Solved – Meaning of standard error of the coefficients in a regression model

least squaresrregressionstandard error

Recall the model for simple linear regression
$$
y_i = \beta_0 + \beta_1 x_i + \varepsilon_i.
$$

I am reading up on the standard error of the coefficients $\beta_0$ and $\beta_1$. As an experiment I generated some linear data using $\beta_0 = 1$ and $\beta_1 = 2$ and added some Gaussian noise with unit variance. So then when I fit the data the lm function and used the summary function to examine the model I have the following output:
\begin{align}
\hat \beta_0 & = 1.21054 \quad \text{with Std. Error} = 0.11508, \\
\hat \beta_1 & = 1.87723 \quad \text{with Std. Error} = 0.09844.
\end{align}

So how do I interpret the standard error values? For instance, take $\hat \beta_0$, precisely what is $0.11508$ telling me?

Obviously if I ran the simulation a second time, this time adding Gaussian noise with a higher amount of variance, the standard error would increase as the extra variance in the noise shows up as an increase in the standard error of the coefficients. But, if we consider the first simulation in isolation, then what does this value of $0.11508$ mean?

Best Answer

The standard error is the square root of an estimate of the sampling variability of $\hat\beta_j$ as an estimator of $\beta_j$, or $\sqrt{\widehat{Var}(\hat\beta_j)}$.

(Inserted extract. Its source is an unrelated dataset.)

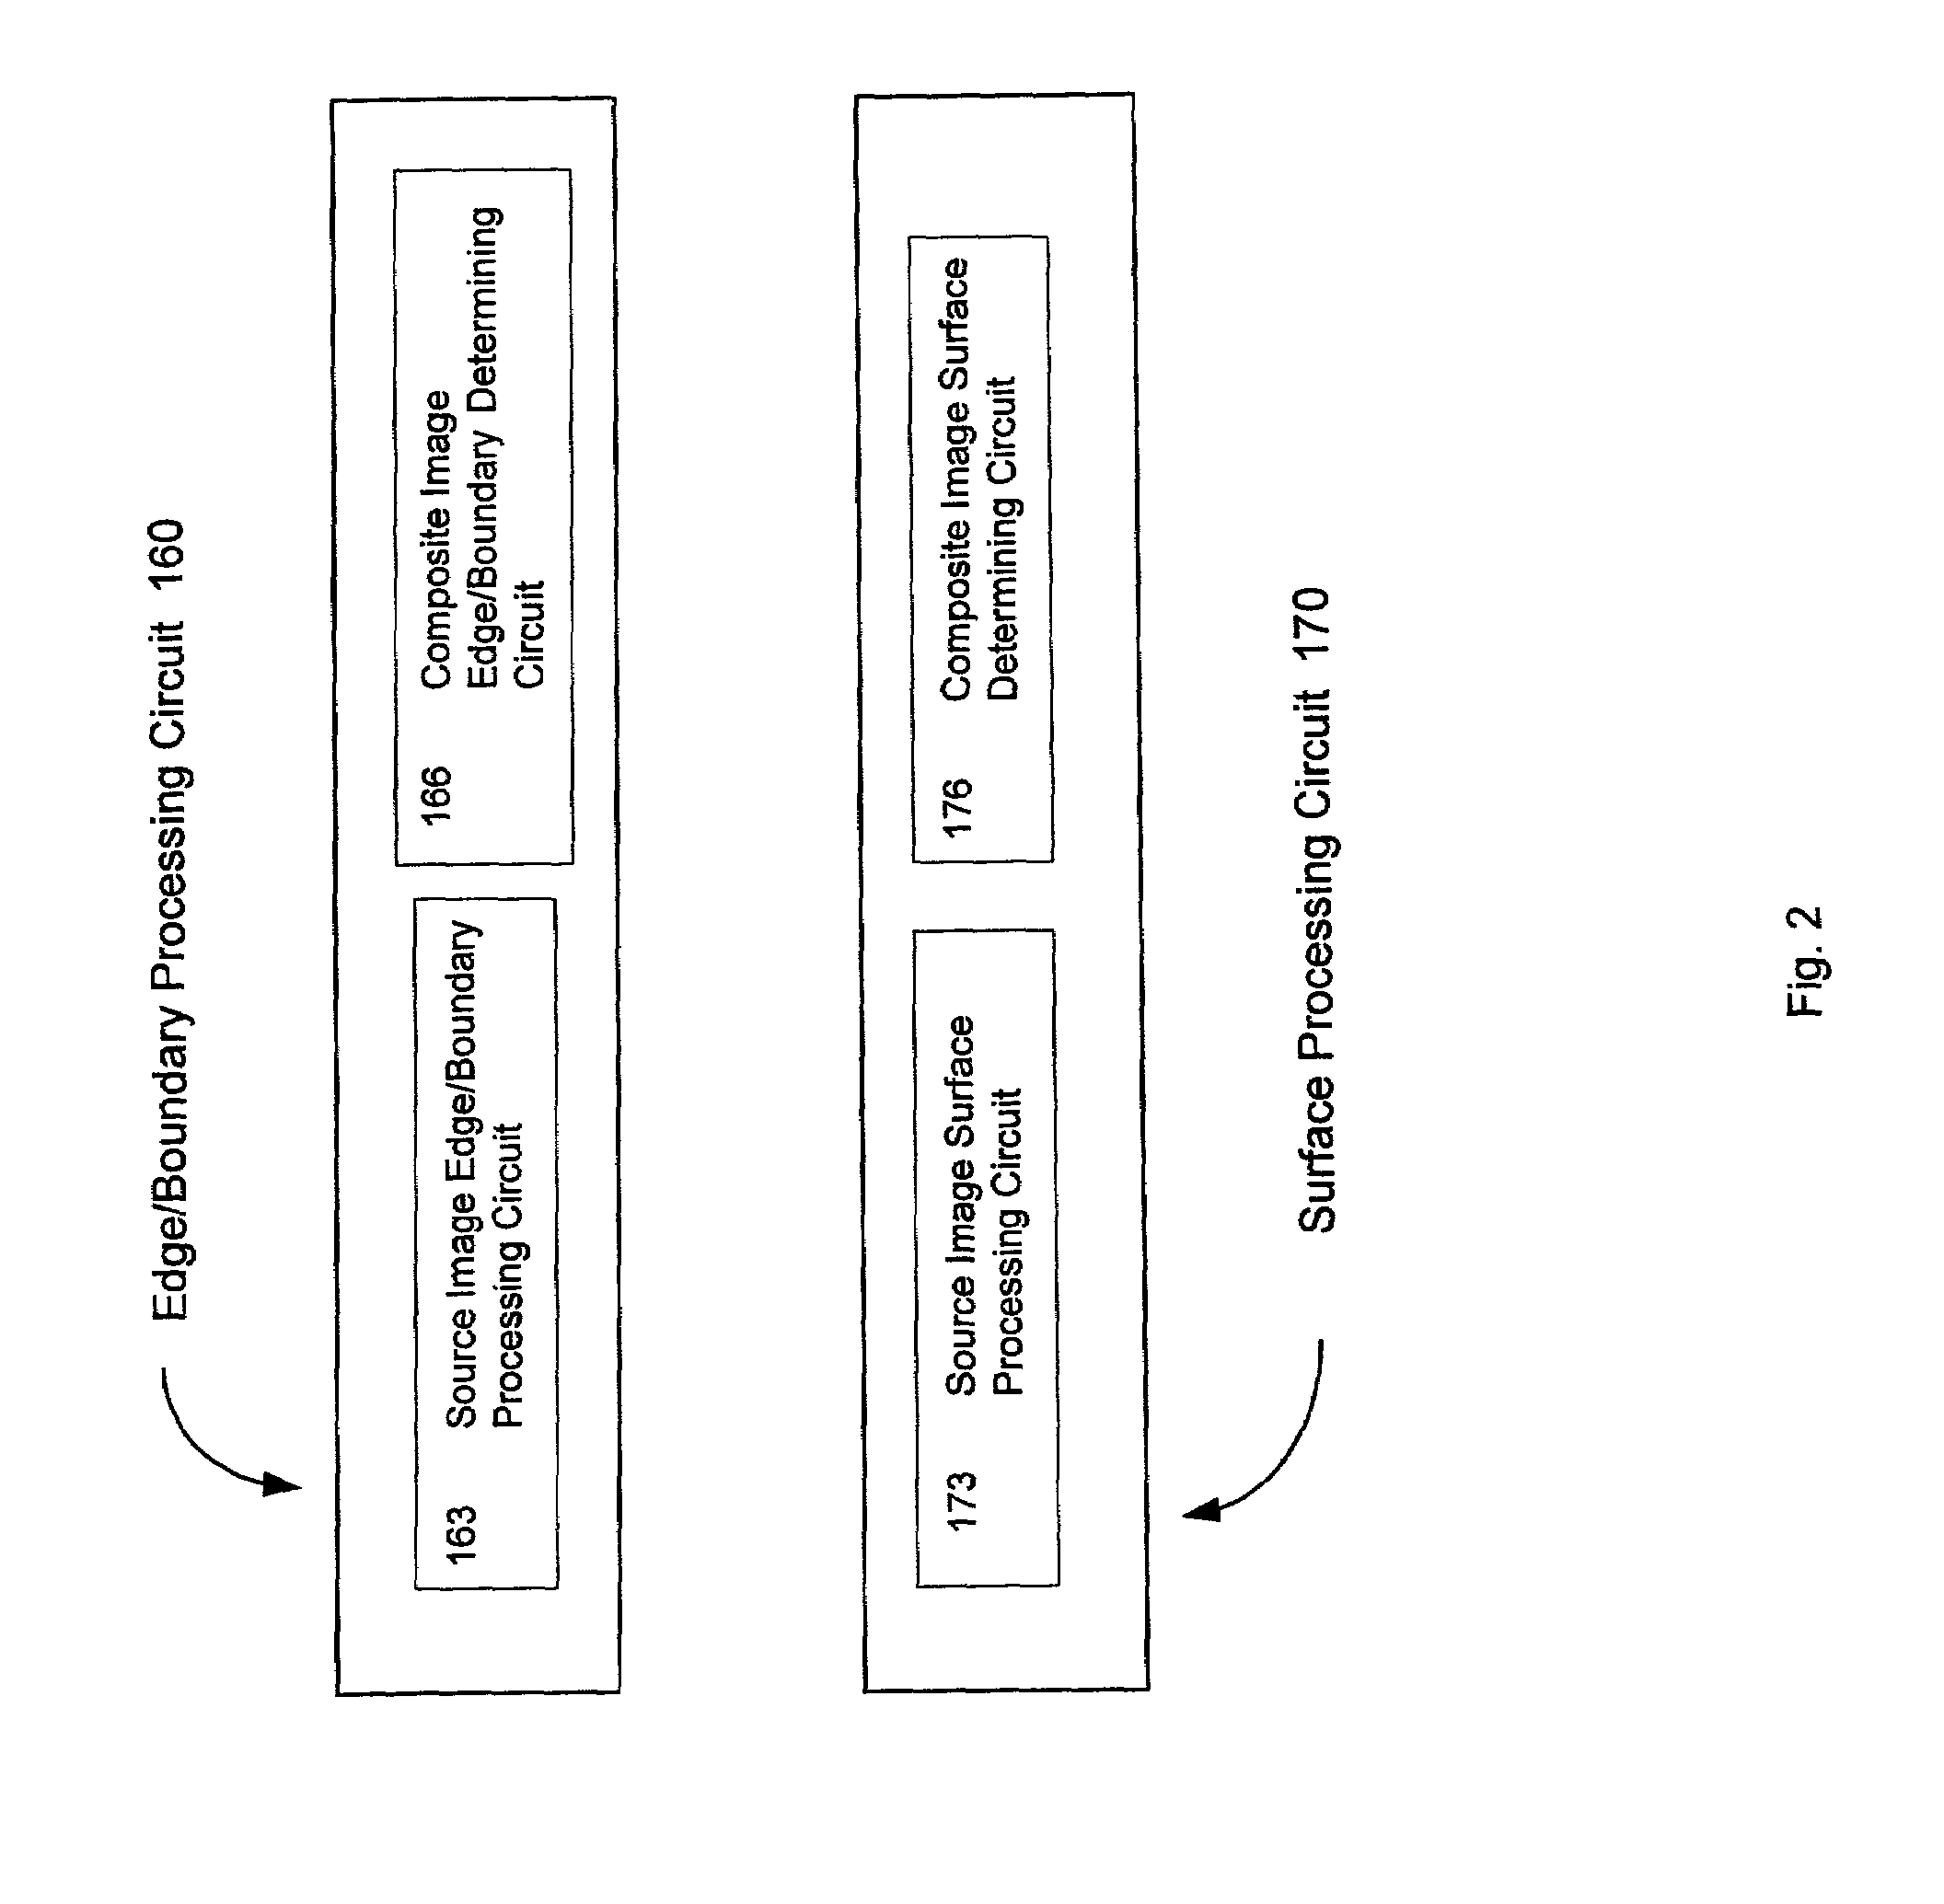 Systems and methods for constructing an image having an extended depth of field

As this is many things in one sentence, step-by-step:

  1. "Square-root": should be self-explanatory, to turn a variance into a standard deviation (that turns out to be what we need in, for example, t-statistics and confidence intervals).
  2. "$\hat\beta_j$ as an estimator of $\beta_j$": we use the LS estimator to estimate the unknown parameter $\beta_j$.
  3. To do so, we make use of a sample from the underlying population. Had we drawn another sample (or were to draw a fresh one tomorrow, etc.) we would get another estimate $\hat\beta_j$. This is the source of sampling variability. We may summarize that variability through the variance, $Var(\hat\beta_j)$. An expression for this variance may be found, e.g., here.
  4. "An estimate of the sampling variability": $Var(\hat\beta_j)$ depends on unknown quantities (like the variance of the Gaussian noise that you generated), which must therefore be estimated, as captured by the formula $\widehat{Var}(\hat\beta_j)$. A formula for this estimator is, for example, given here, or, more introductory, here.